What is expected
Among the entries below, extract exactly the lines that run from the one with "1959_Plymouth-01" through the one with "In the shop &amp; online now 🍻", both ends included.

Material supplied
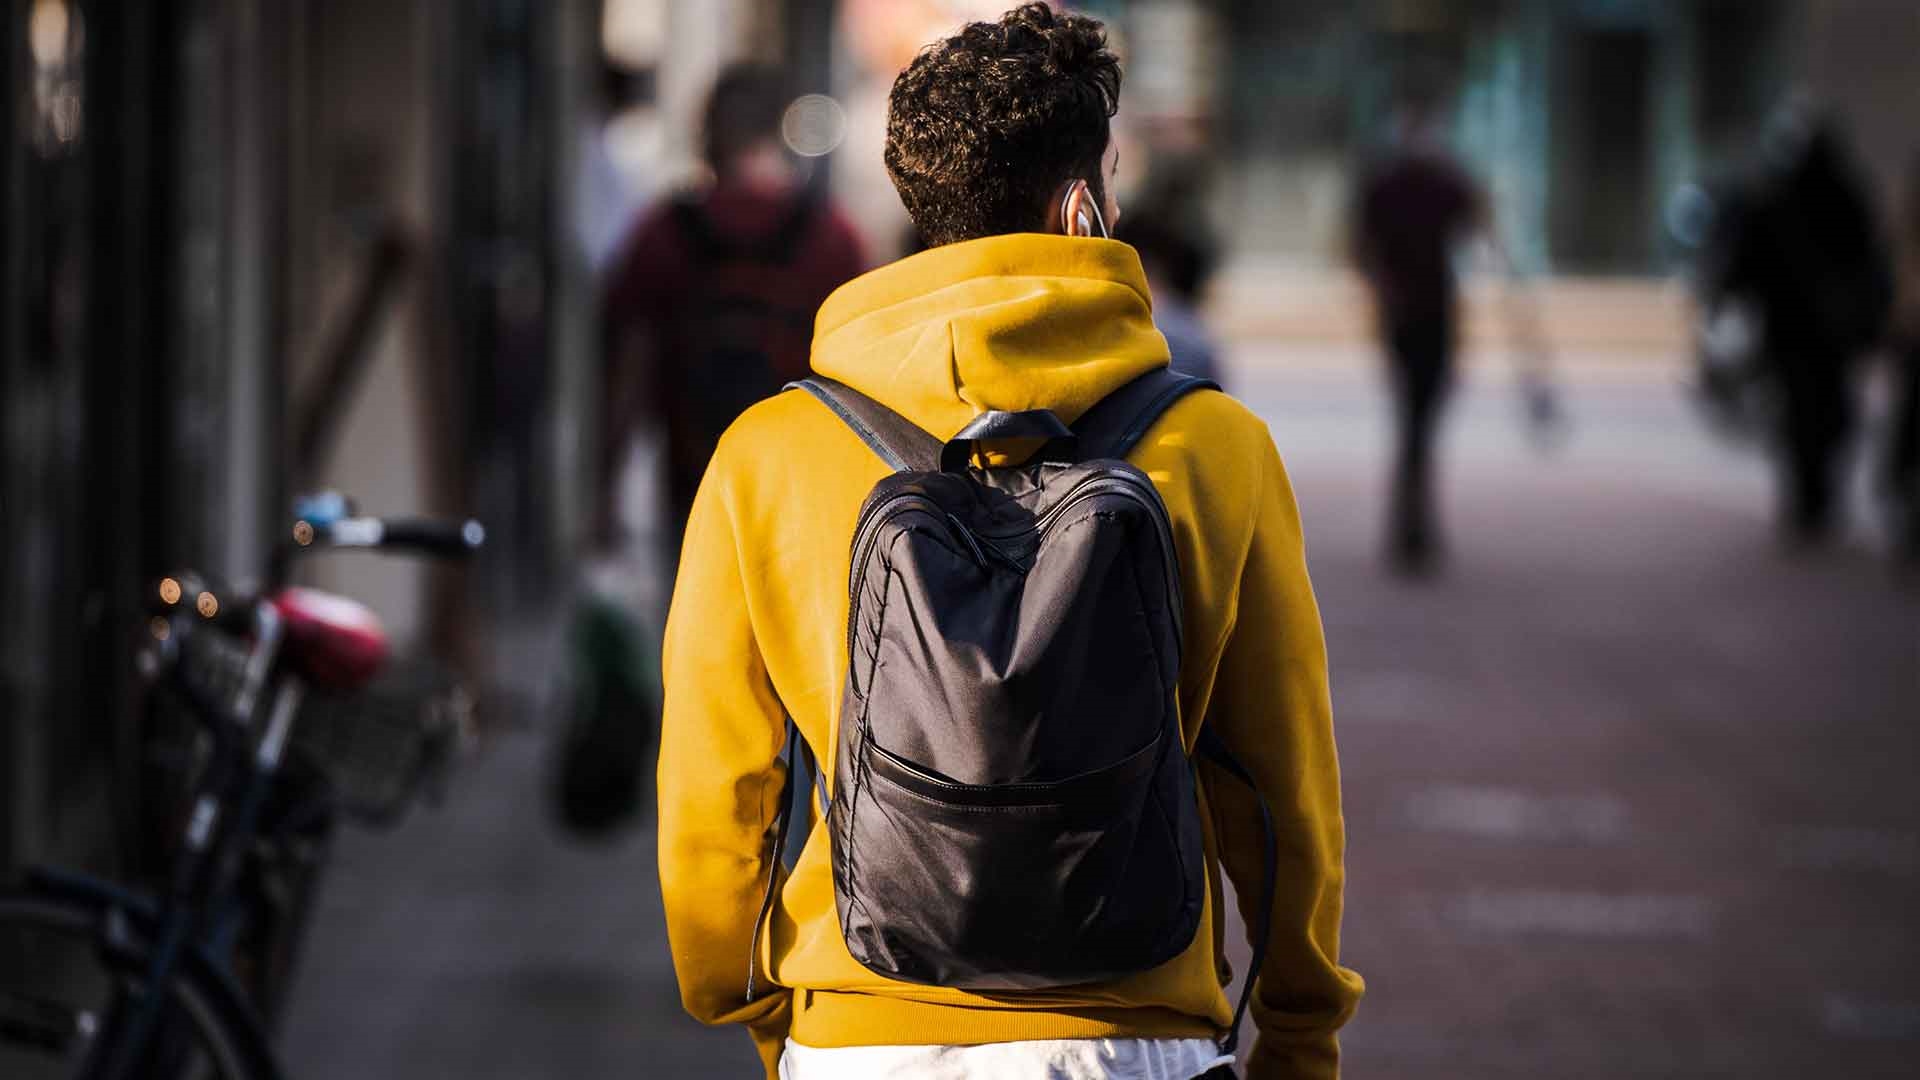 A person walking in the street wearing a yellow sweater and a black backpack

* * *

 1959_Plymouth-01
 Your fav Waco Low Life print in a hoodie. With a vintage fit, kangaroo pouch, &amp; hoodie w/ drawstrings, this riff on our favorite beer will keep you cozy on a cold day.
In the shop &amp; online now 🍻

* * *

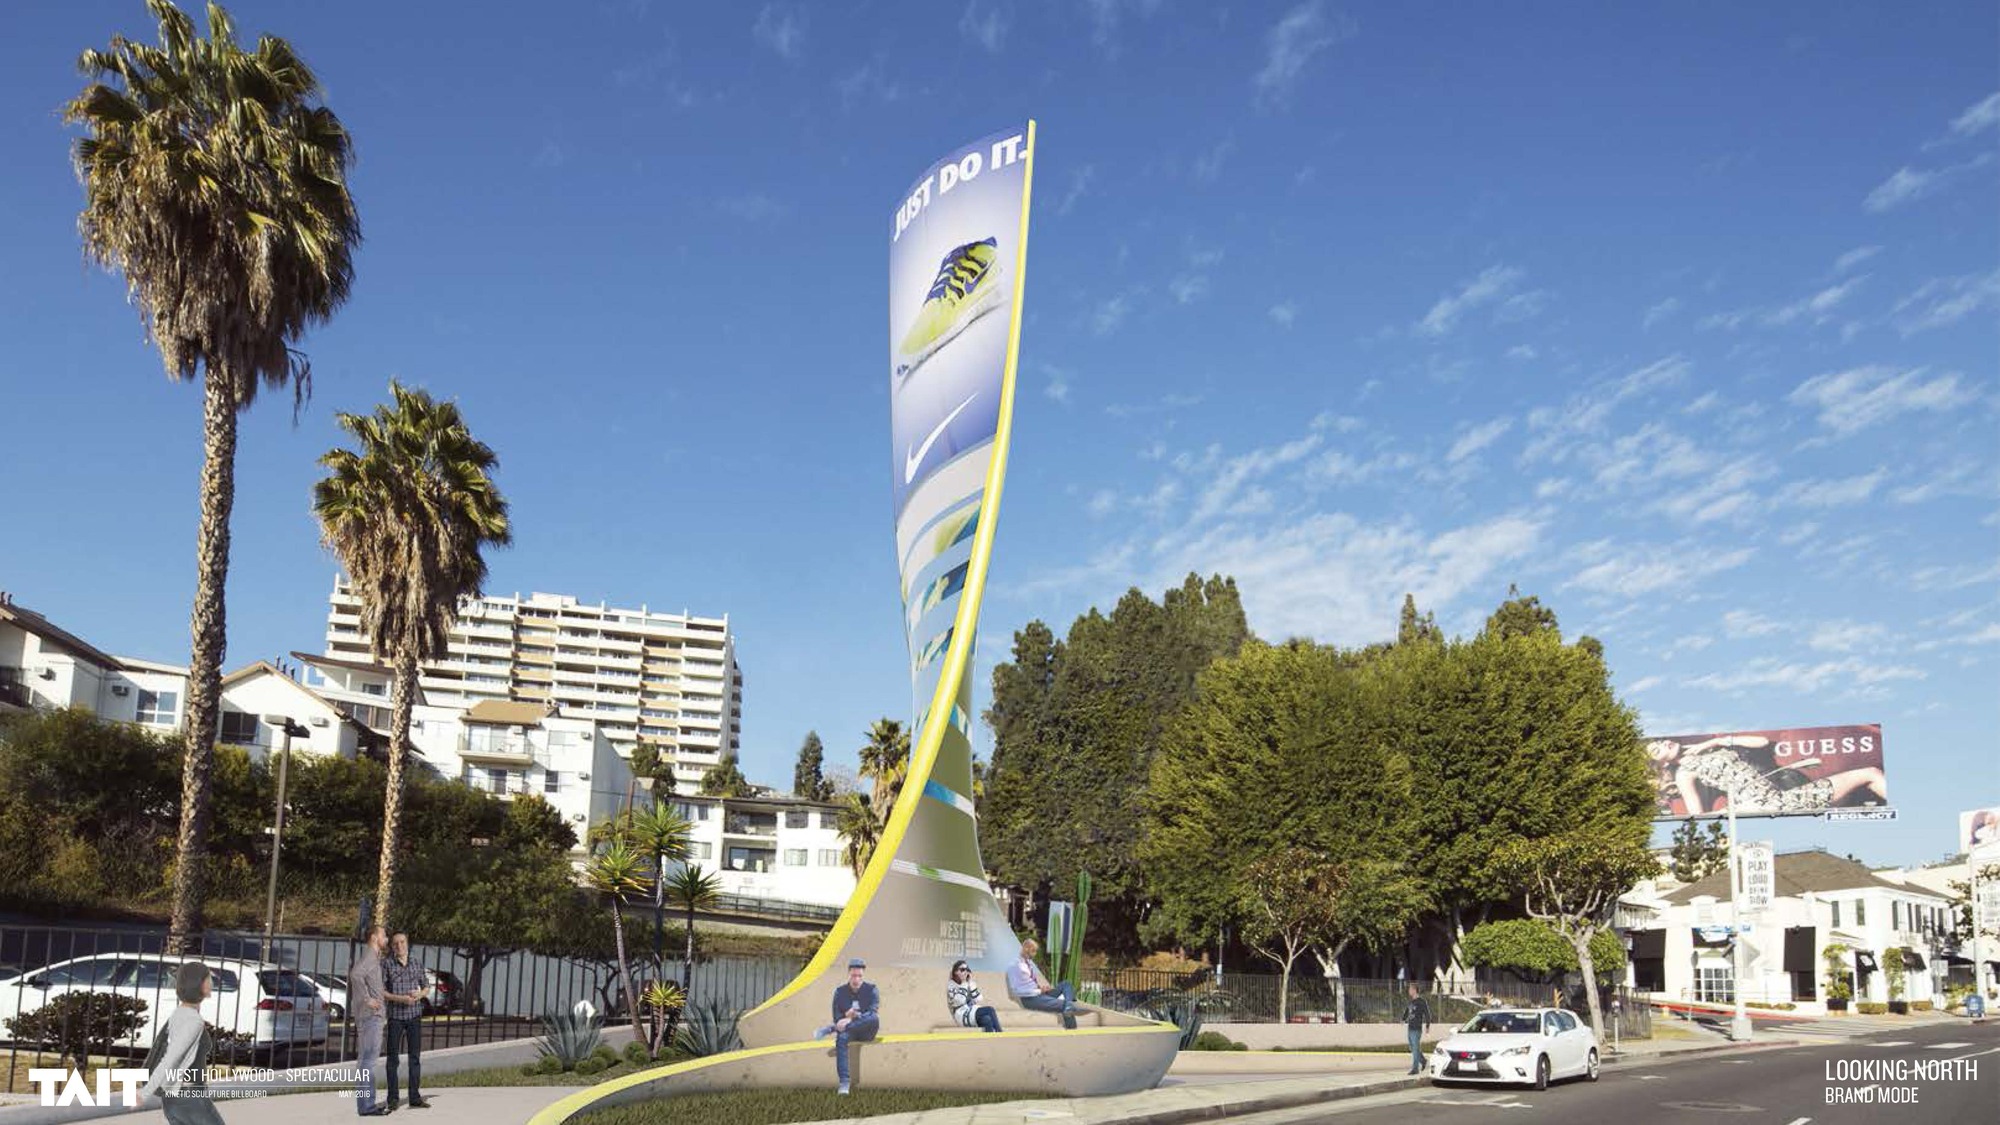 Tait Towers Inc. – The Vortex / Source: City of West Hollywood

Task output
 1959_Plymouth-01
 Your fav Waco Low Life print in a hoodie. With a vintage fit, kangaroo pouch, &amp; hoodie w/ drawstrings, this riff on our favorite beer will keep you cozy on a cold day.
In the shop &amp; online now 🍻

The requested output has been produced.